How to Retrieve Technical Info (Nodes, OS, Storage)
OS system#
Nodes run under the Linux CentOS 8 operating system. You can check the minor version with the command
Code Block (bash)
login@maestro ~ $ cat /etc/redhat-release
CentOS Linux release 8.3.201
Type and number of nodes#
To have global view of the common resources available in the cluster, you can use sinfo command like this
Global view of the cluster with sinfo (bash)
login@maestro ~ $ sinfo -e -O nodes,cpus,memory,gres:30 -p common,gpu
NODES CPUS MEMORY GRES
39 96 500000 disk:915266
1 28 376000 gpu:V100:4,disk:890000
1 96 500000 gpu:A100:4,disk:890000
The option -e separate nodes by type:
- NODES: number of nodes of that type
- CPUS: number of cores
- MEMORY: RAM in MB
- GRES: general resources available on this type of nodes
Nodes are added all year long to the cluster so please use the above sinfo command to obtain up-to-date figures.
If you need an output that can be easily parsed, prefer --o / --format to -O / --Format option and add --noheader to remove the header:
Global view of the cluster with sinfo (bash)

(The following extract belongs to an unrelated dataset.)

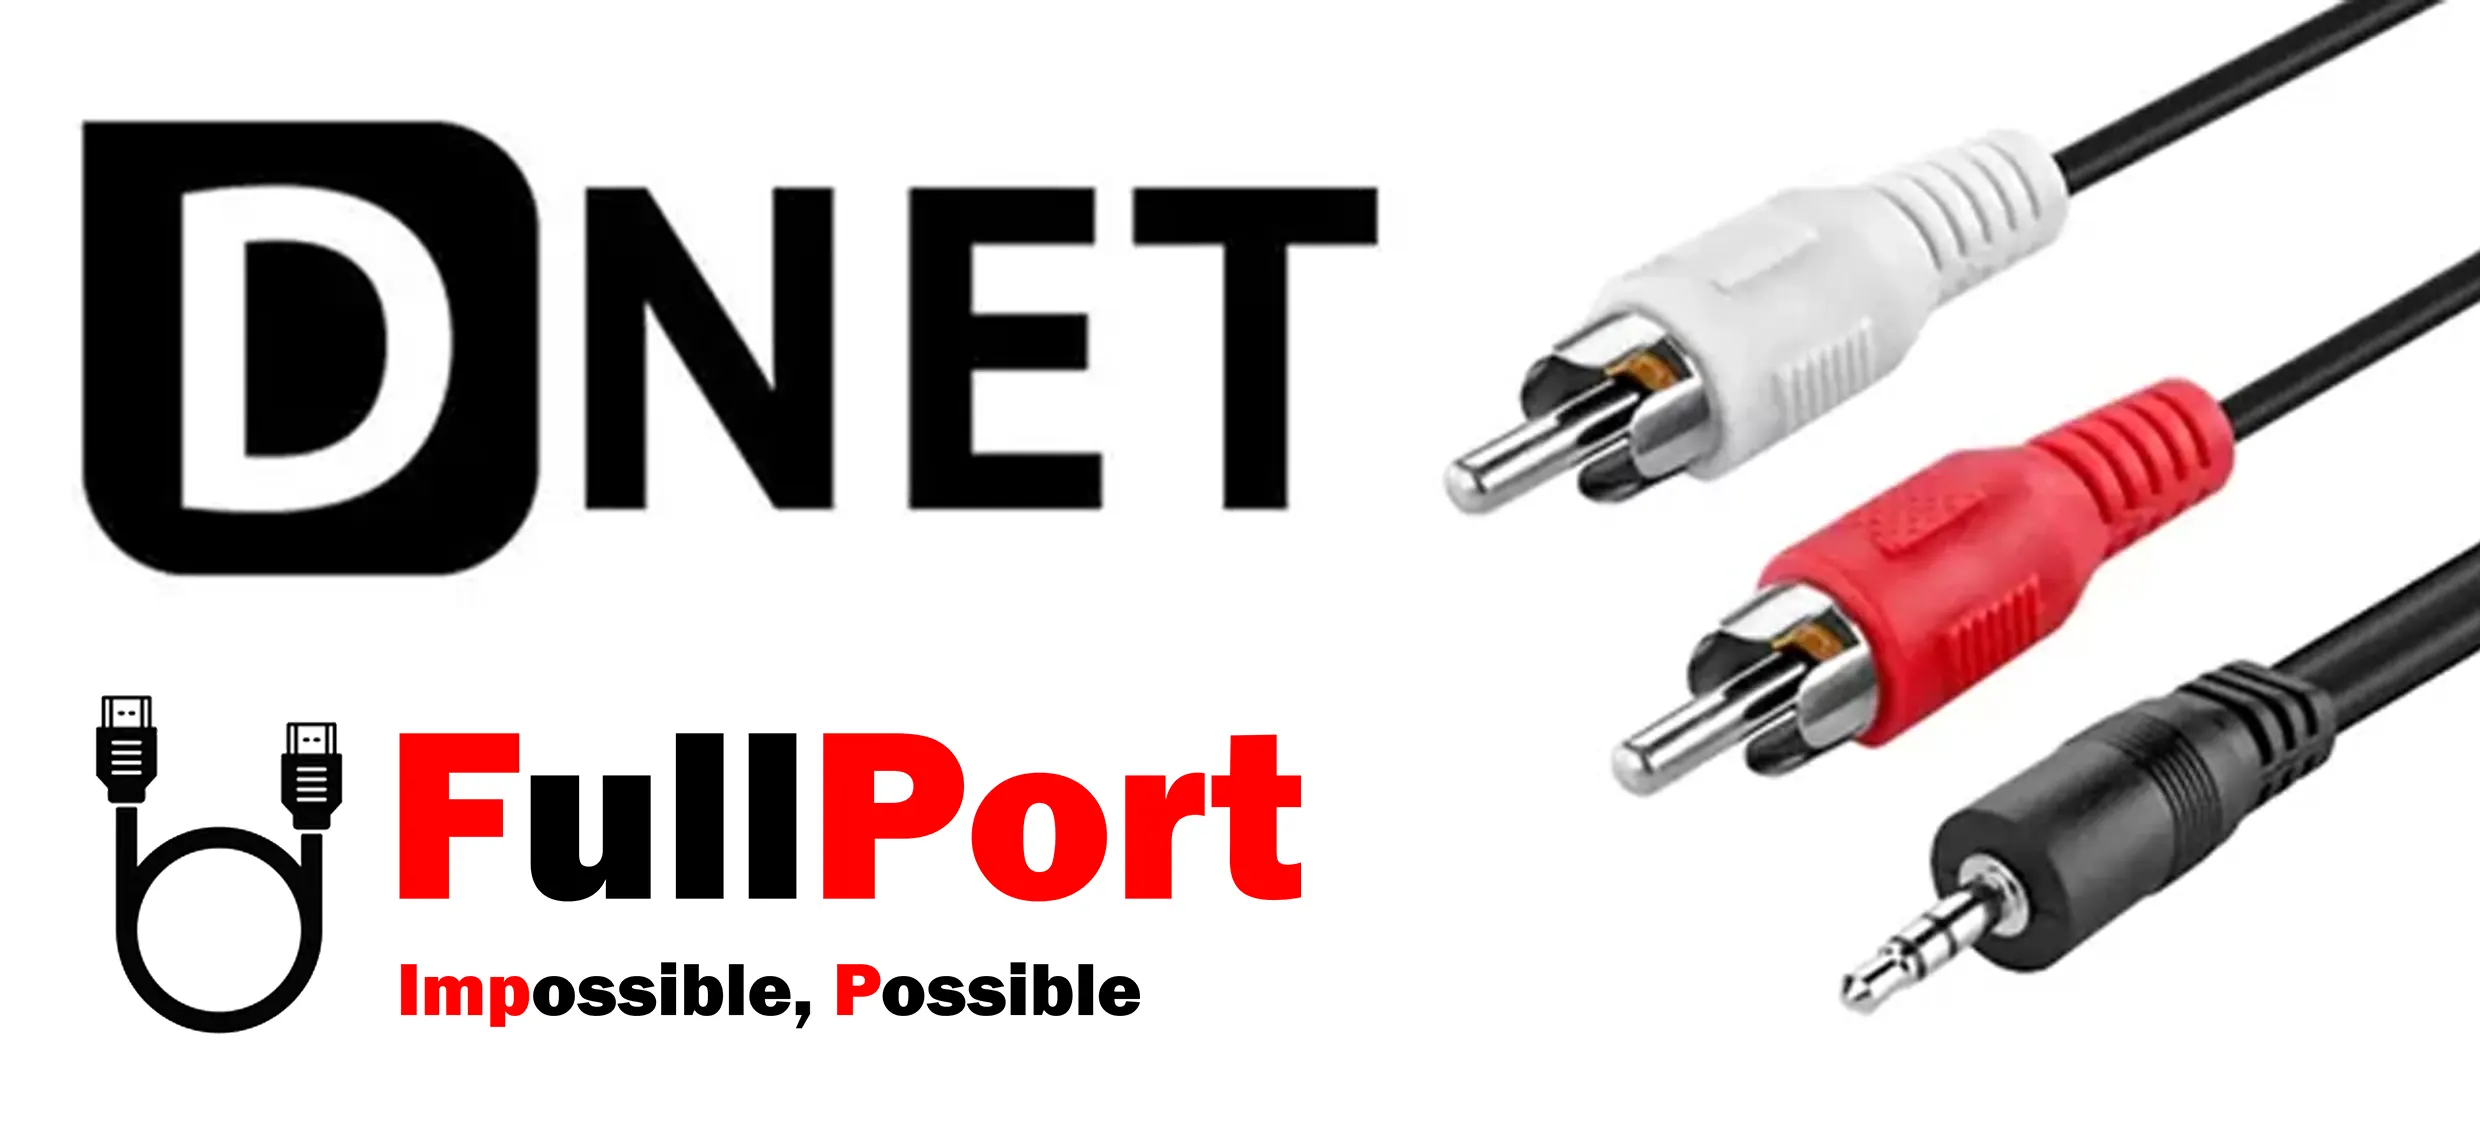 خرید کابل صدا 1 به 2 دی نت | D-NET طول 5 متر یا معادل 500 سانتیمتر یا 500CM از فروشگاه اینترنتی فول پورت

login@maestro ~ $ sinfo -e -o %D,%c,%m,%G -p common,gpu --noheader
39,96,500000,disk:915266
1,28,376000,gpu:V100:4,disk:890000
1,96,500000,gpu:A100:4,disk:890000
Temporary local disk space on nodes#
Each node has 2 temporary disk spaces:
/tmpof 500 MB that must not be used/local/scratch/tmpof 890 GB as shown in the GRES column above
These spaces are local to each node and can't be accessed by a process running on another node.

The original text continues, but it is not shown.